In \(100\div 11\) and in \(18 \div 2.9\) the dividend is larger than the divisor. \(100\div 11\) is very close to \(99\div 11\), which is 9. The quotient \(18 \div 2.9\) is close to \(18 \div 3\) or 6.
In general, when a larger number is divided by a smaller number, the quotient is greater than 1.

In \(99 \div 101\) and in \(7.5 \div 7.4\) the dividend and divisor are very close to each other. \(99 \div 101\) is very close to \(99 \div 100\), which is \(\frac{99}{100}\) or 0.99. The quotient \(7.5 \div 7.4\) is close to \(7.5 \div 7.5\), which is 1.
In general, when we divide two numbers that are nearly equal to each other, the quotient is close to 1.
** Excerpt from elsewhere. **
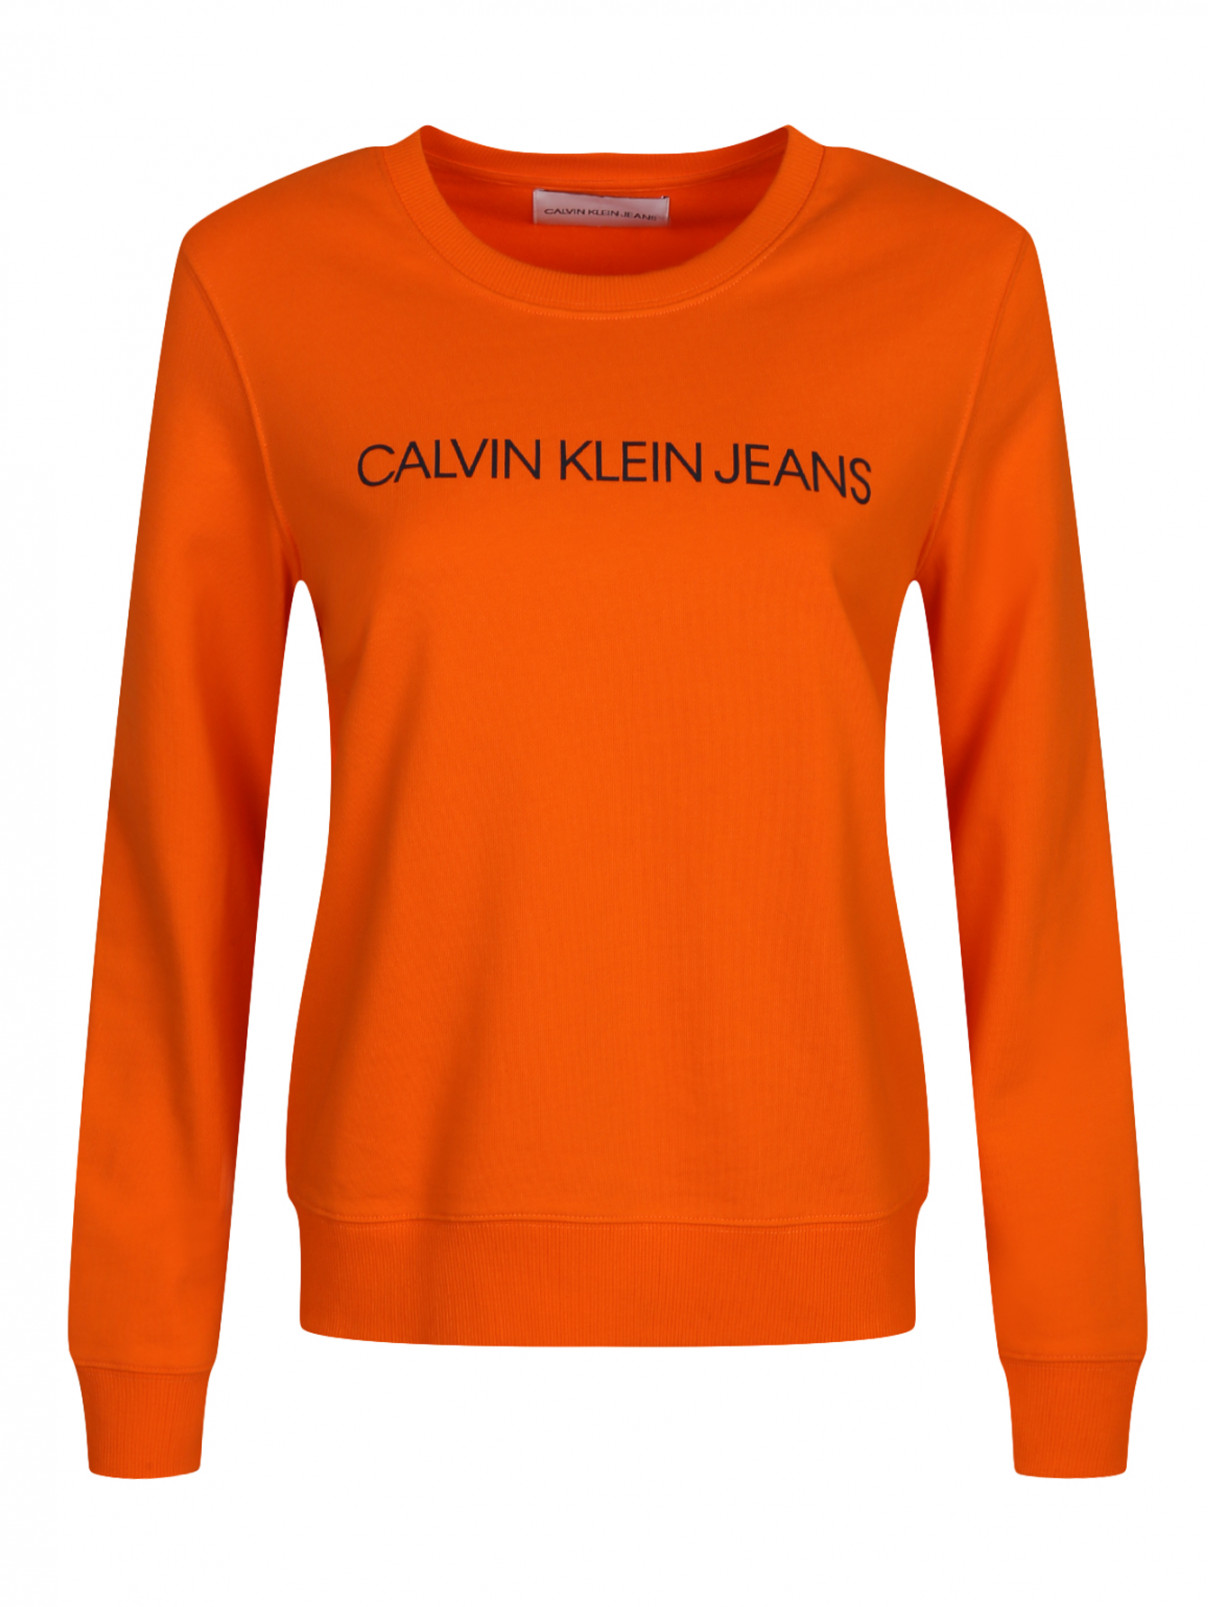 Свитшот из хлопка с принтом Calvin Klein  –  Общий вид  – Цвет:  Оранжевый
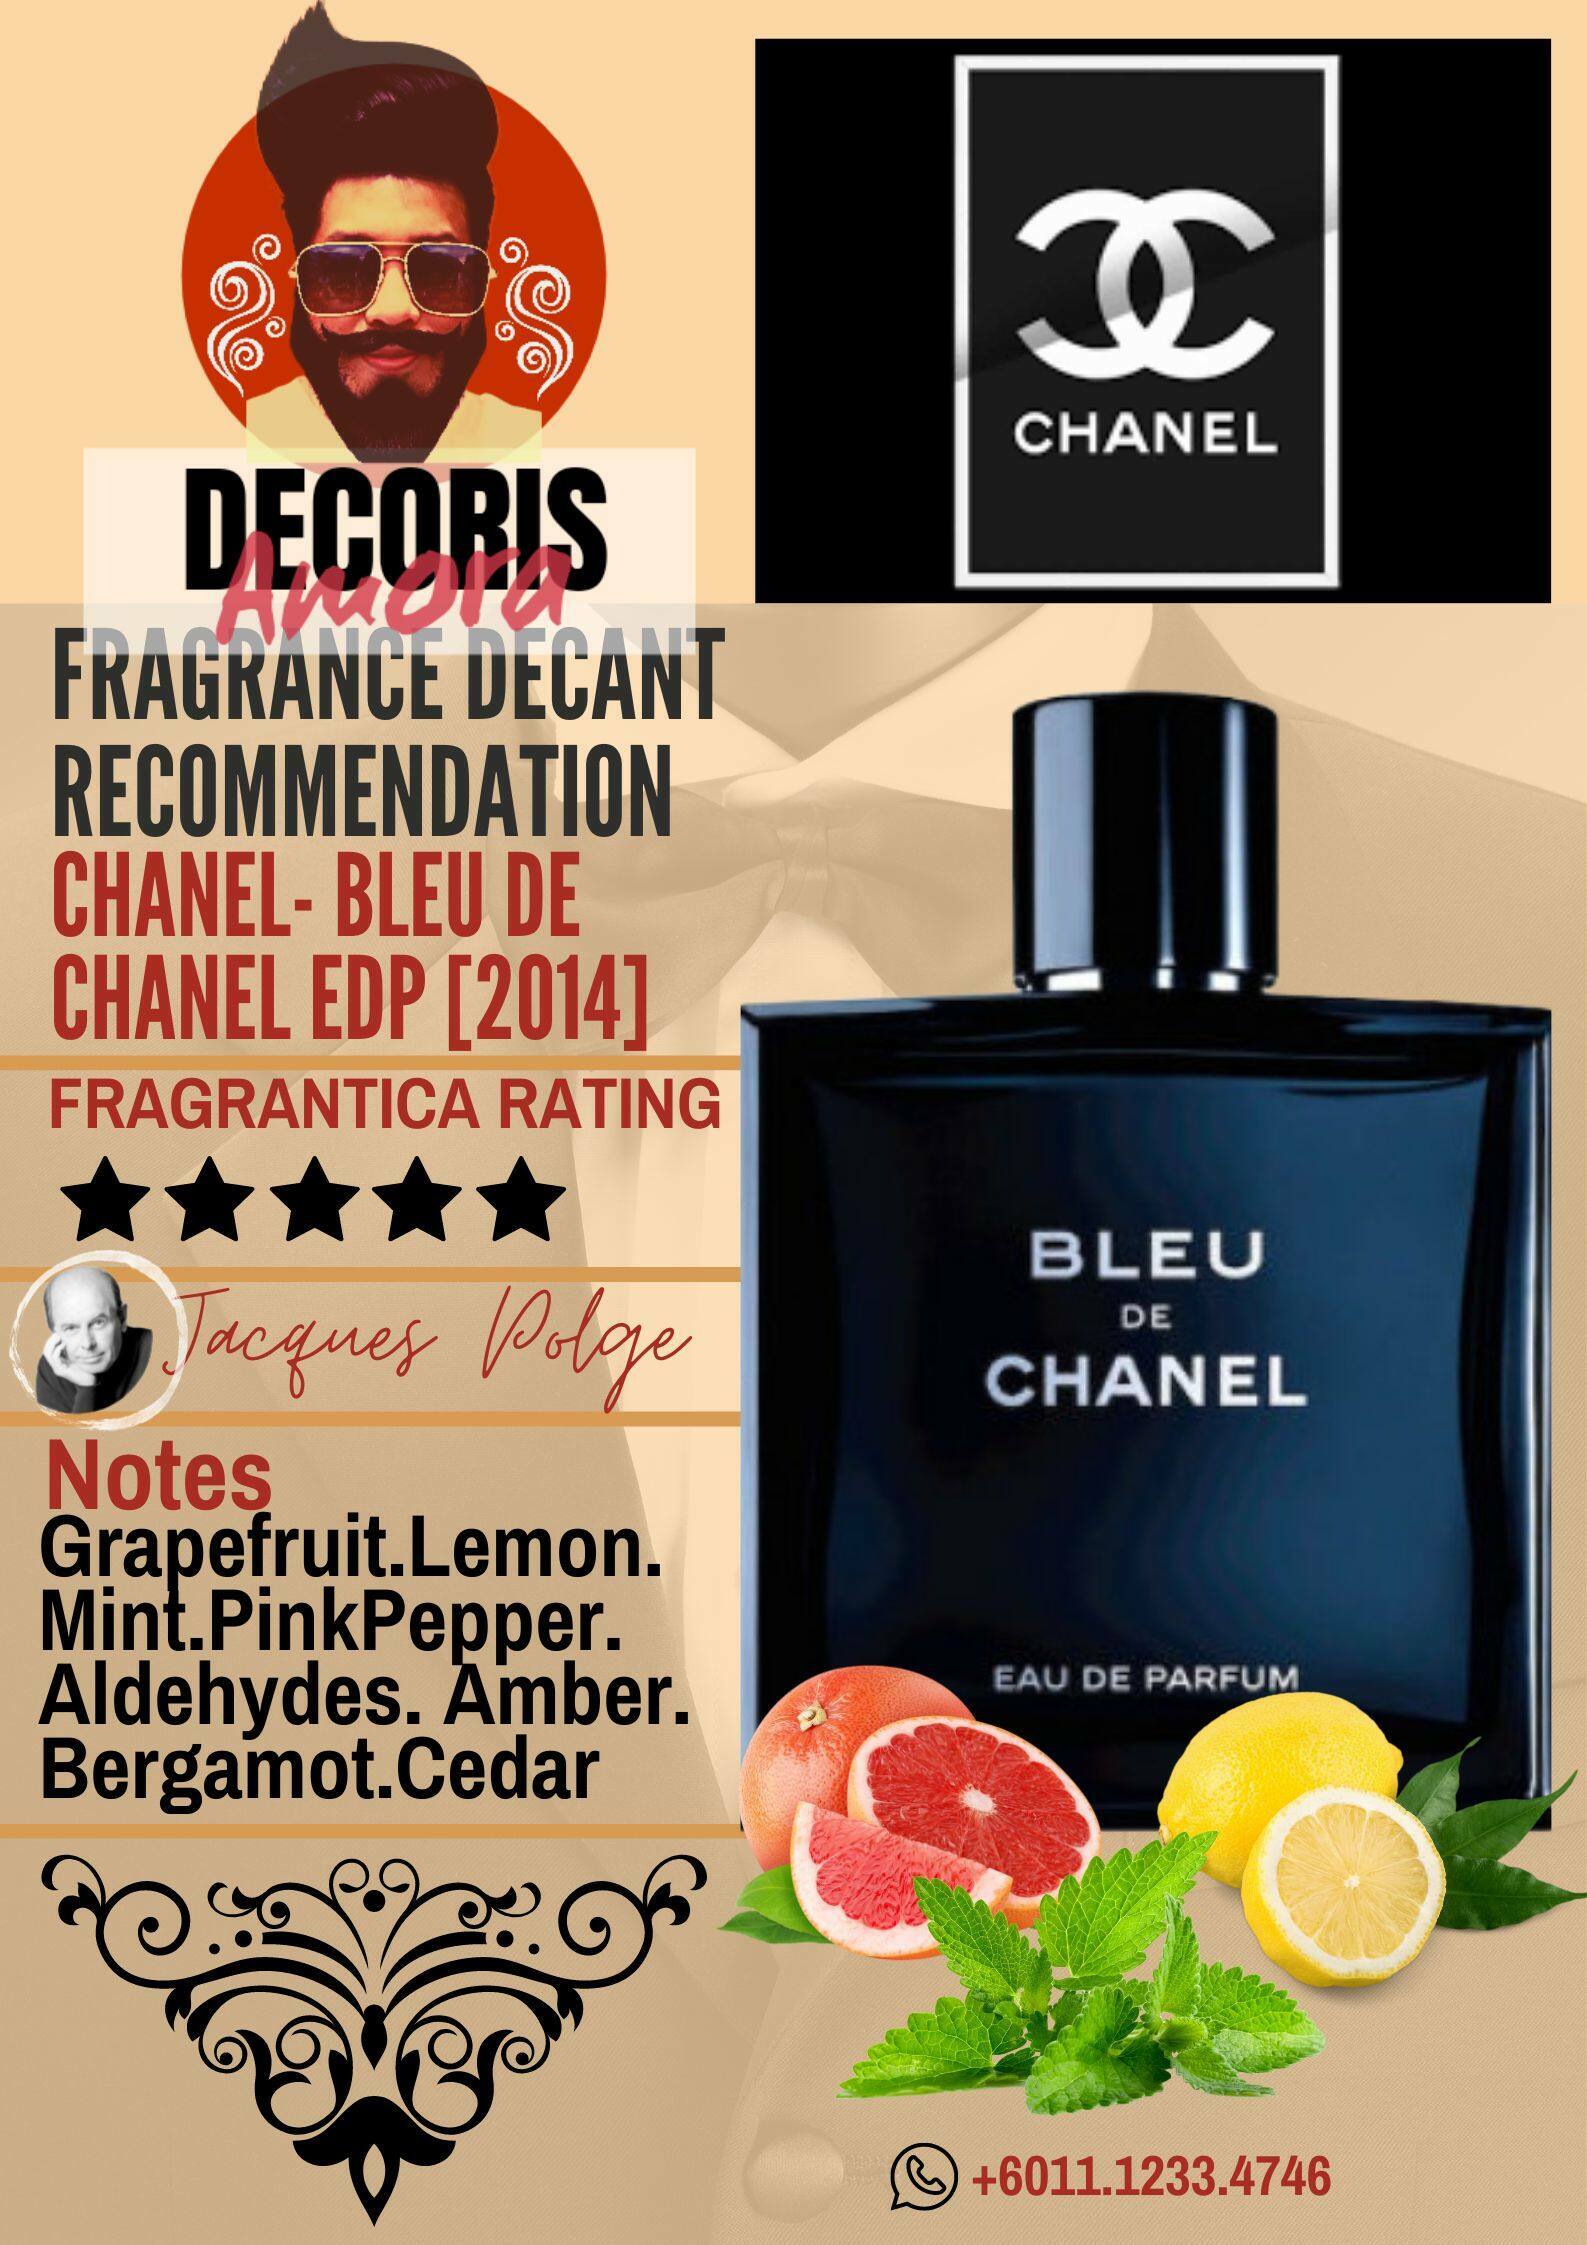 Chanel Bleu de Chanel Eau de Parfum - Perfume Decant – Decoris Amora Decant

In \(10 \div 101\) and in \(50 \div 198\) the dividend is smaller than the divisor. \(10 \div 101\) is very close to \(10 \div 100\), which is \(\frac{10}{100}\) or 0.1. The division \(50 \div 198\) is close to \(50 \div 200\), which is \(\frac 14\) or 0.25.
In general, when a smaller number is divided by a larger number, the quotient is less than 1.